PET imaging targeting the prostate membrane-specific antigen (PSMA) has demonstrated high potential in localizing disease in prostate cancer. In addition to prostate cancer, both benign and malignant lesions have been reported to highly express PSMA (e.g. ganglia, parathyroid adenoma, lung, thyroid, and renal cancers [1,2,3]). Here, we describe the case of a 71-year-old male patient who was referred for imaging of biochemical recurrent prostate cancer (Gleason Score 7b, iPSA 116 ng/ml, s/p radical prostatectomy, PSA at imaging 0.32 ng/ml). [18F]rhPSMA-7-PET/CT showed high PSMA-ligand uptake in an expansile lytic bone lesion of the sternum, a small local recurrence and a bone lesion. The lesion of the sternum showed a lobular appearance, a shell-like periosteal reaction, and matrix calcifications (A PET MIP, B fused PET/CT, C PET only, D axial CT only, E sagittal CT only showing a sharply demarcated lesion, red arrows indicate the lesion, green arrow indicates a bone lesion, pink a local recurrence) and exhibited high T2-weighted signal intensity (F) and septonodular contrast enhancement (G) on magnetic resonance imaging. Given this morphological appearance, metastasis seemed unlikely and the subsequent biopsy and surgery confirmed the diagnosis of a grade 3 chondrosarcoma. Immunohistochemistry showed that PSMA was mainly expressed in small intralesional blood vessels/capillaries (histological slices H, yellow arrow: PSMA-staining; blue arrow: hyaline matrix).
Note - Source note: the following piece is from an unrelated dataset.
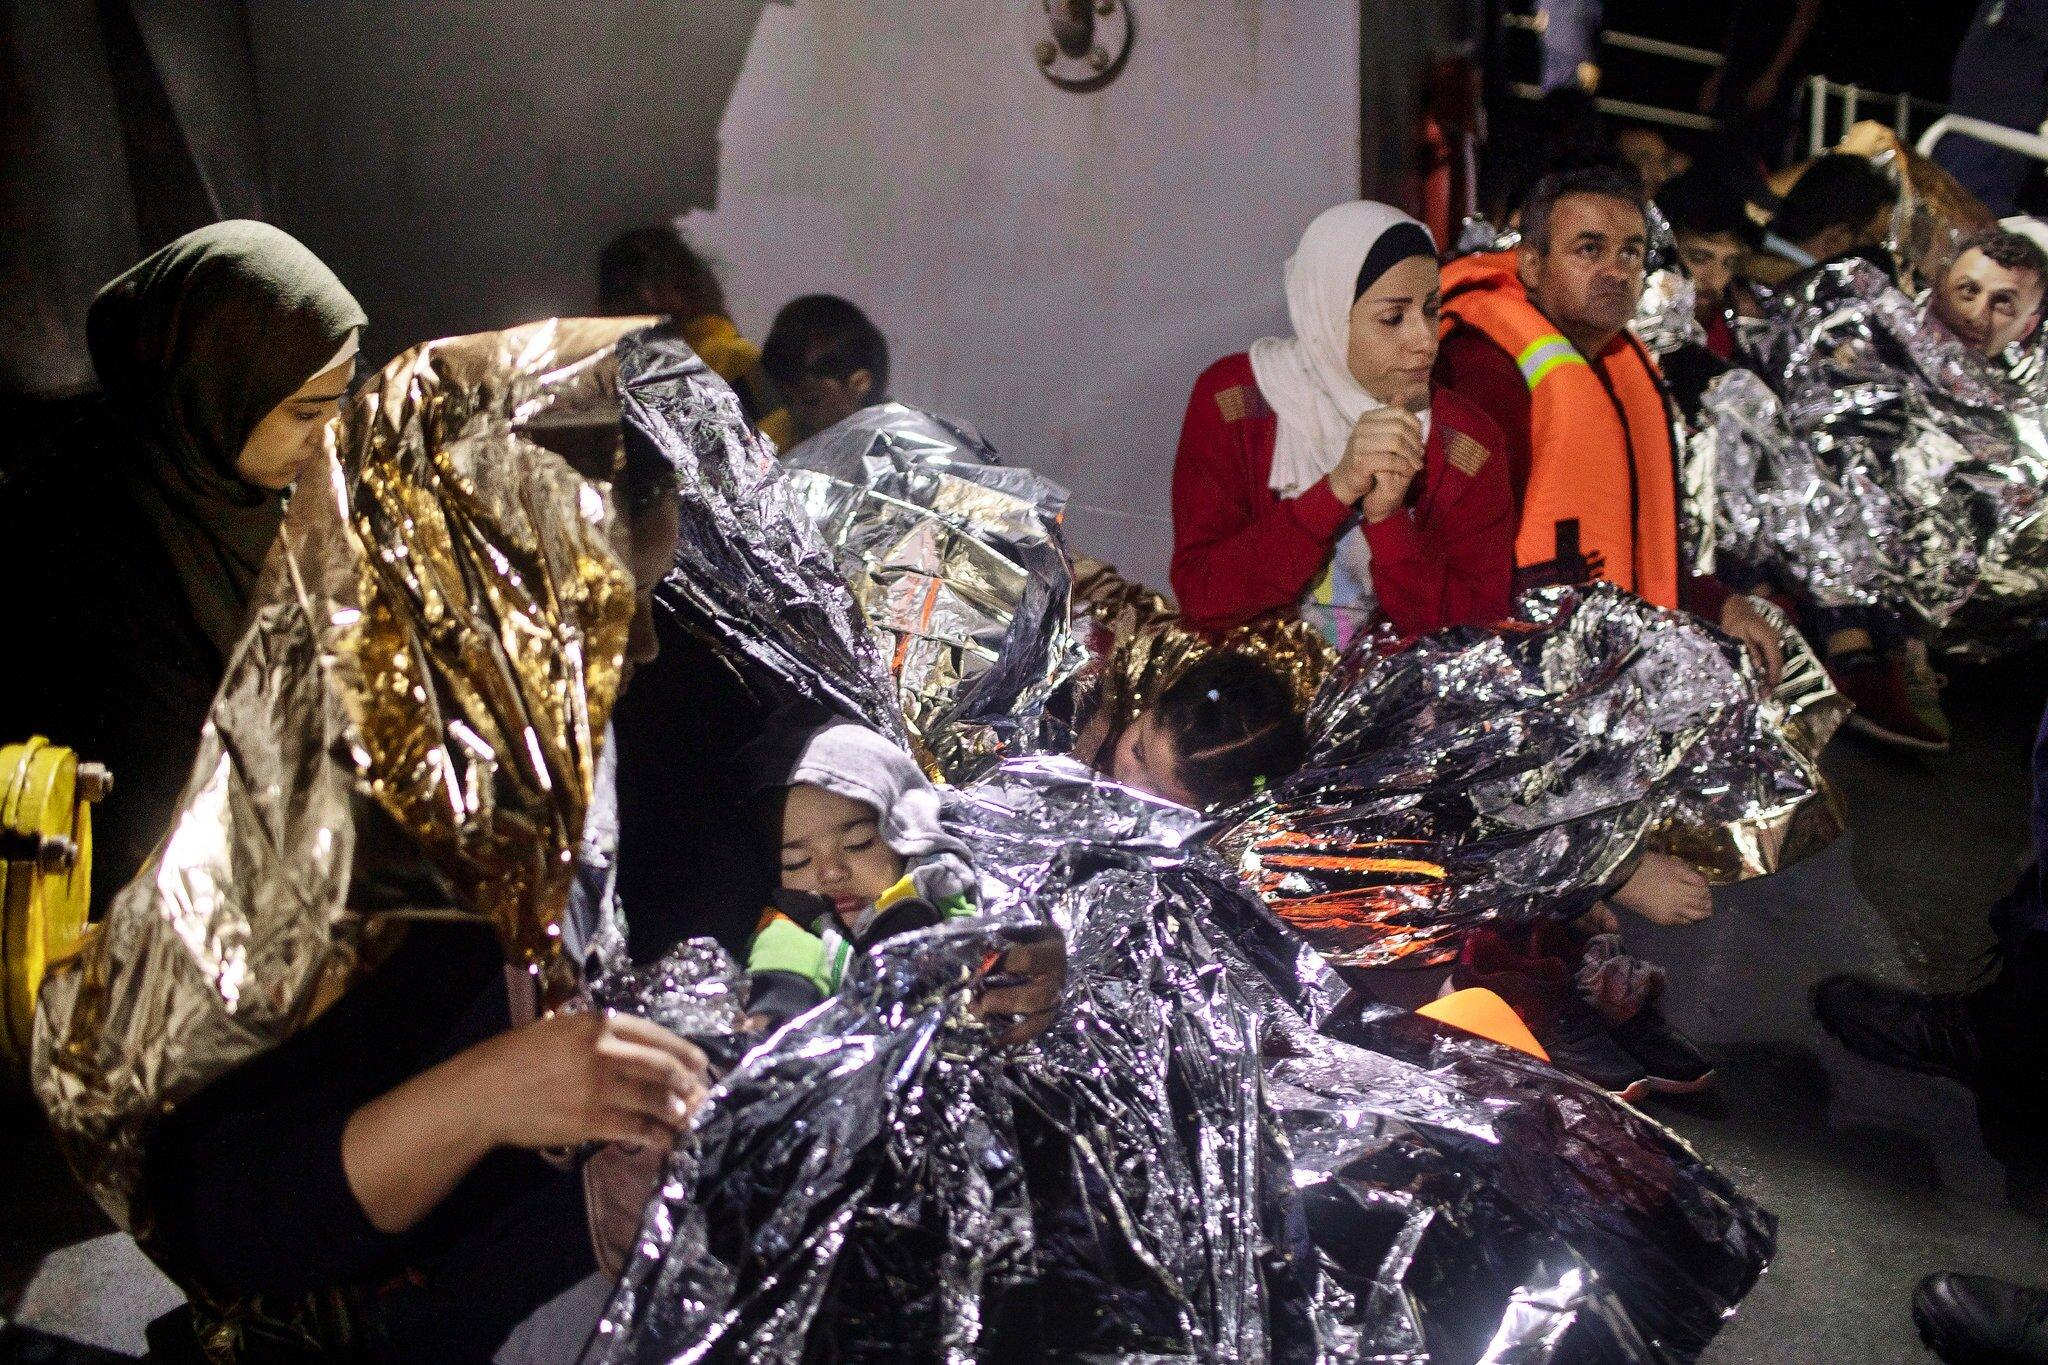 Refugees were rescued Thursday by a Greek Coast Guard ship near the island of Samos. Credit Petros Giannakouris/Associated Press

This is in line with previous reports demonstrating high PSMA-expression in vascular regions [2, 4, 5].

In summary, this case illustrates the potential pitfalls in PSMA-ligand PET-imaging given that PSMA-expression is also present in non-prostate cancer lesions and highlights the necessity of thorough analysis of the accompanying cross-sectional imaging modality.